Citrus will thrive in UK conditions given adequate sunlight, regular feeding, and some protection from very severe weather. The biggest threats to their wellbeing are over-watering and being considered a house plant which they most certainly are not!
After having received your plant unpack immediately and place in a sunny spot, sheltered from very cold winds and temperatures which regularly go below +4°C. When the tree has acclimatised to UK conditions (usually one complete year) it will withstand lower temperatures. Your tree will not need potting on for at least the first year.
This is the most important part of citrus care. Watering should be kept to a minimum in the winter, with the soil being almost, but not completely dry. During very wet spells of winter weather, it is worth considering wrapping a layer of cling film over the soil to prevent it from becoming too wet. As spring starts, so does the increase in watering, with the amount per week in mid-summer being at about 5 litres per week for a 15 litre potted tree. Additional rain will obviously affect this and an adjustment should be made. Should flagging of the leaves occur, then additional watering may be given. If the leaf starts to take on a yellow hue, then it is most likely that the compost is too wet.
The feeding of citrus trees grown in pots is very important but must not be carried out during the winter months when root growth has ceased. Proprietary branded citrus feed can be used, but any slow-release pelleted fertiliser suitable for trees and shrubs is a very good substitute. We recommend that you apply a small handful of pelleted fertiliser every 8 weeks throughout the Spring, Summer and early Autumn and cease feeding from mid to late October onwards. Do not apply fertiliser to the tree if the temperature drops to a maximum of +8°C during daylight hours.
During the first year no pruning will be necessary other than removing damaged branches. In subsequent years pruning should be carried out, reducing the previous year’s growth by about one third. This will maintain the tree in a good, rounded shape and allow fruit buds to form.
Although citrus can easily withstand a temperature of -4°C for short periods, the combination of wet soil and low temperature will be very detrimental to them. If a suitable unheated glass house or well-lit shed is available, then this should be used but only after mid November at the earliest, and only until mid March. The tree should be brought out into the open air once the temperature reaches above +5°C regularly. Large frost protection plant jackets manufactured from 70g/m² microfleece can also be used - these are very good as they let in almost 80% of the available sunlight and will protect against rain too. If using lighter weight fleece jackets (35g/m²) we recommend covering each tree with two bags to provide a double layer of protection.
Citrus are NOT HOUSE PLANTS and will quickly defoliate in a centrally heated environment. If there is no alternative in very cold weather but to bring them into the house, then place them in a shower room or bathroom where there is a moist atmosphere. As soon as the temperature rises to above freezing then place outside once again. Remember that citrus can never have enough sunshine.
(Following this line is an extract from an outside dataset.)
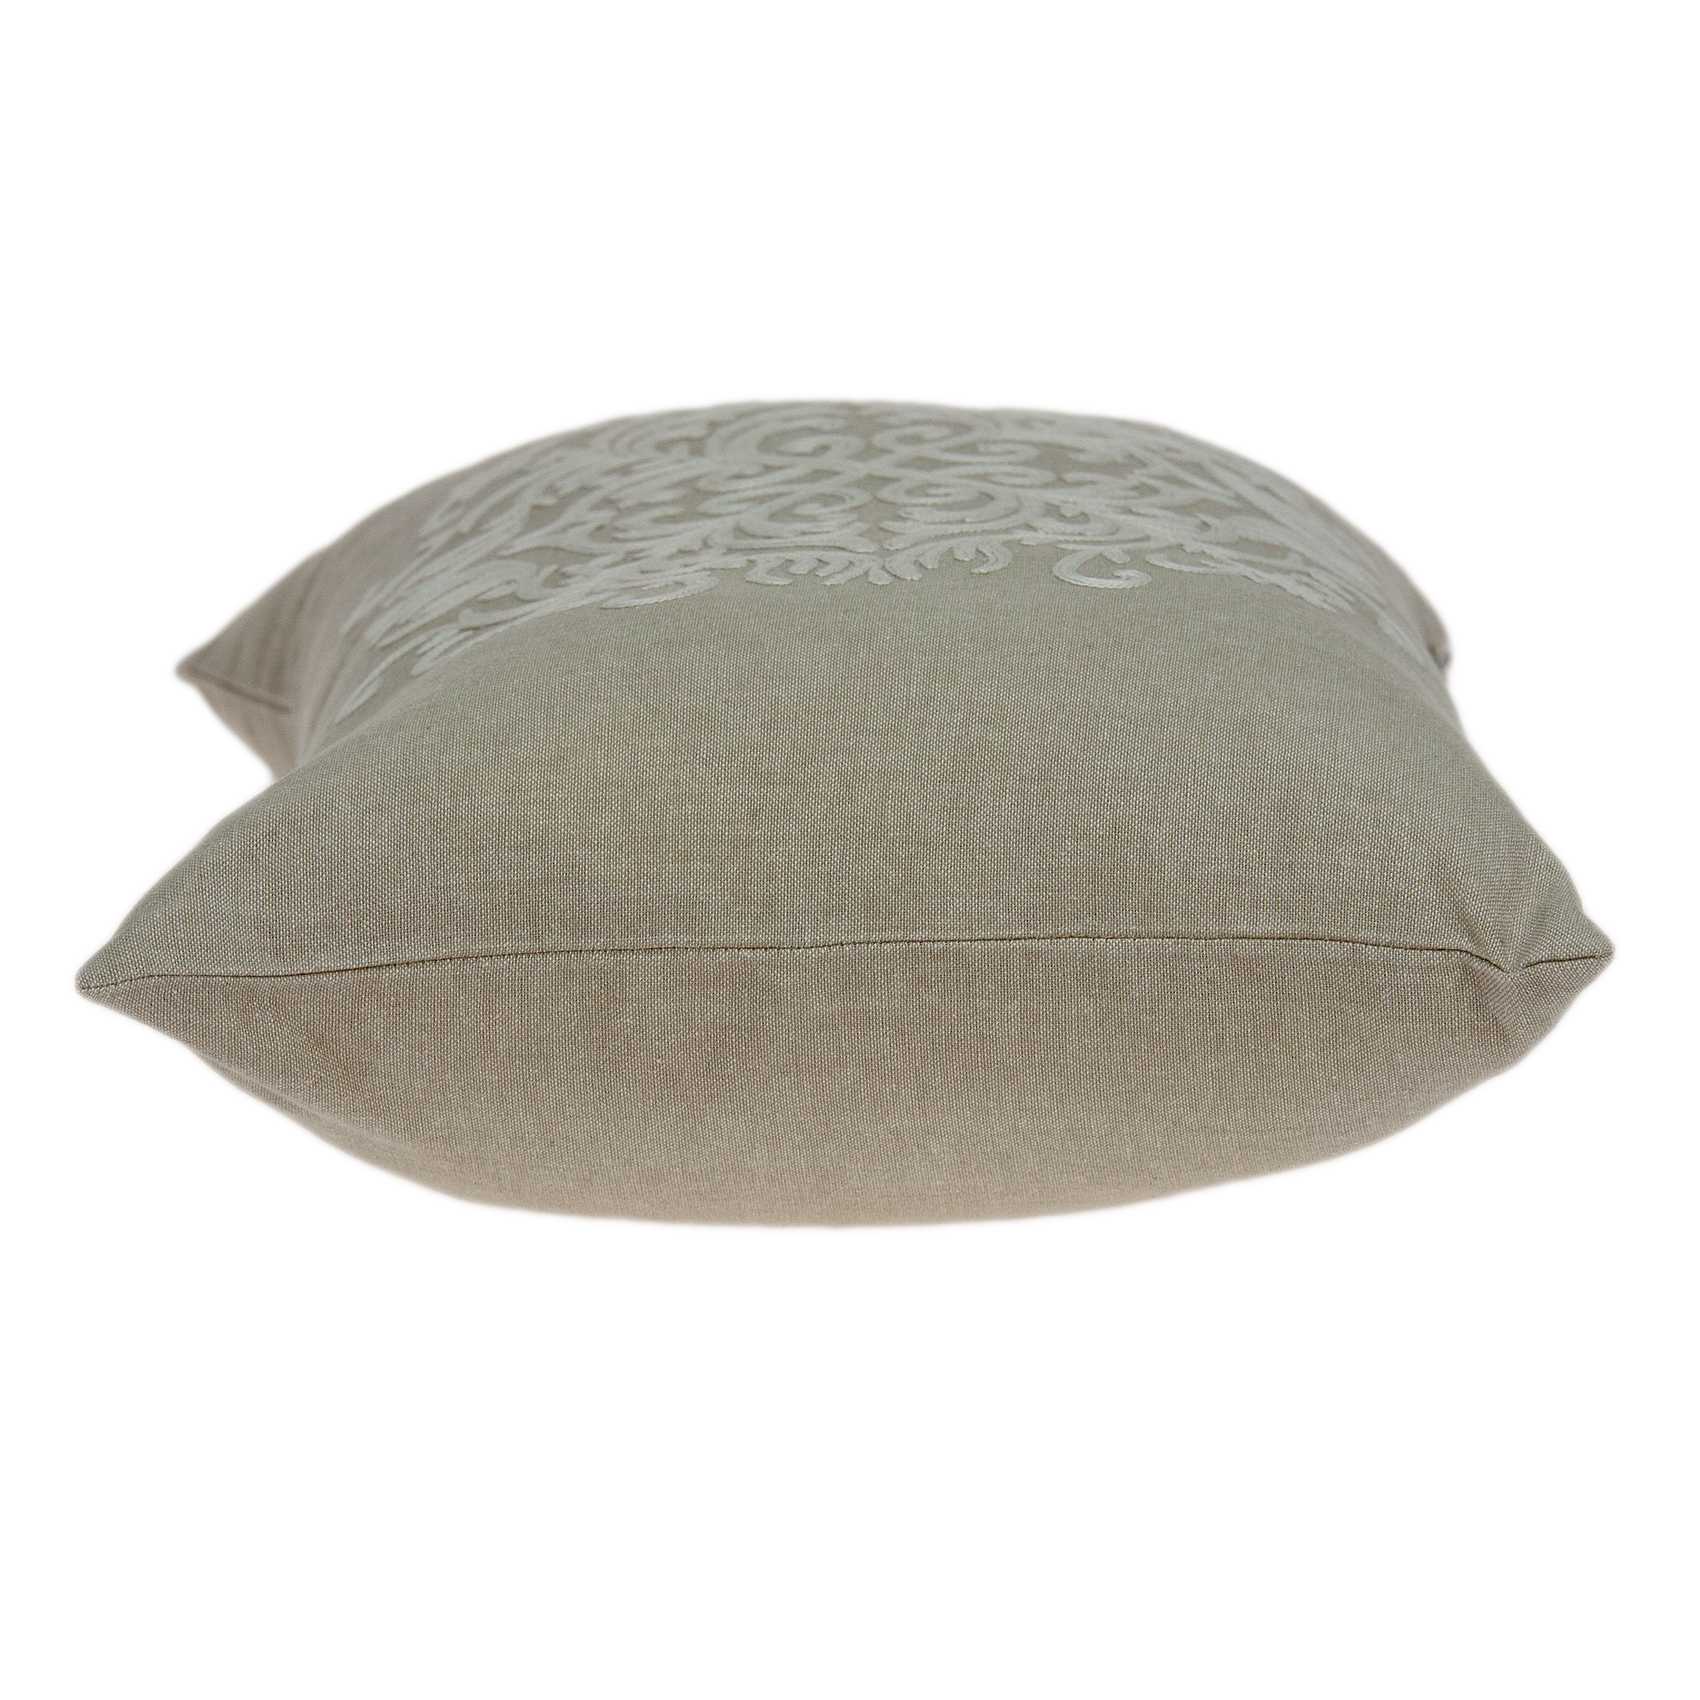 20" x 0.5" x 14" Elegant Transitional Beige Cotton Accent Pillow Cover

Your tree will not need potting on for at least the first year. After that time we suggest that a pot 25-30cm (10-12in) in diameter is chosen. It should have very good drainage holes and a 7cm (3in) thick layer of shells or crocks should cover the base. A loam based compost is best (John Innes No. 3), and to that should be added one quarter grit and stone. Re-potting should be carried out between mid-March and mid-April. Do NOT use a multi-purpose peat-based compost for citrus.
Pests & Diseases
Generally, if citrus trees spend the vast majority of their time outside in the sun and air then they are usually very free from pest and disease. Like most plants the young growths can become infected with green aphid during the early growing season but that is very easily controlled by either using a pesticide or by washing the leaf with water from a strong spray nozzle. Citrus Scale can be a problem, but once again, ensuring that the plants are outside in the air for as much time as cold temperatures allow keeps the scale to a bare minimum. If it is seen, then it can be simply removed by hand. Disease tends to be confined to root rotting from phytophthora due to over watering, especially in the winter months. Take what precautions you can to prevent the soil becoming overly wet.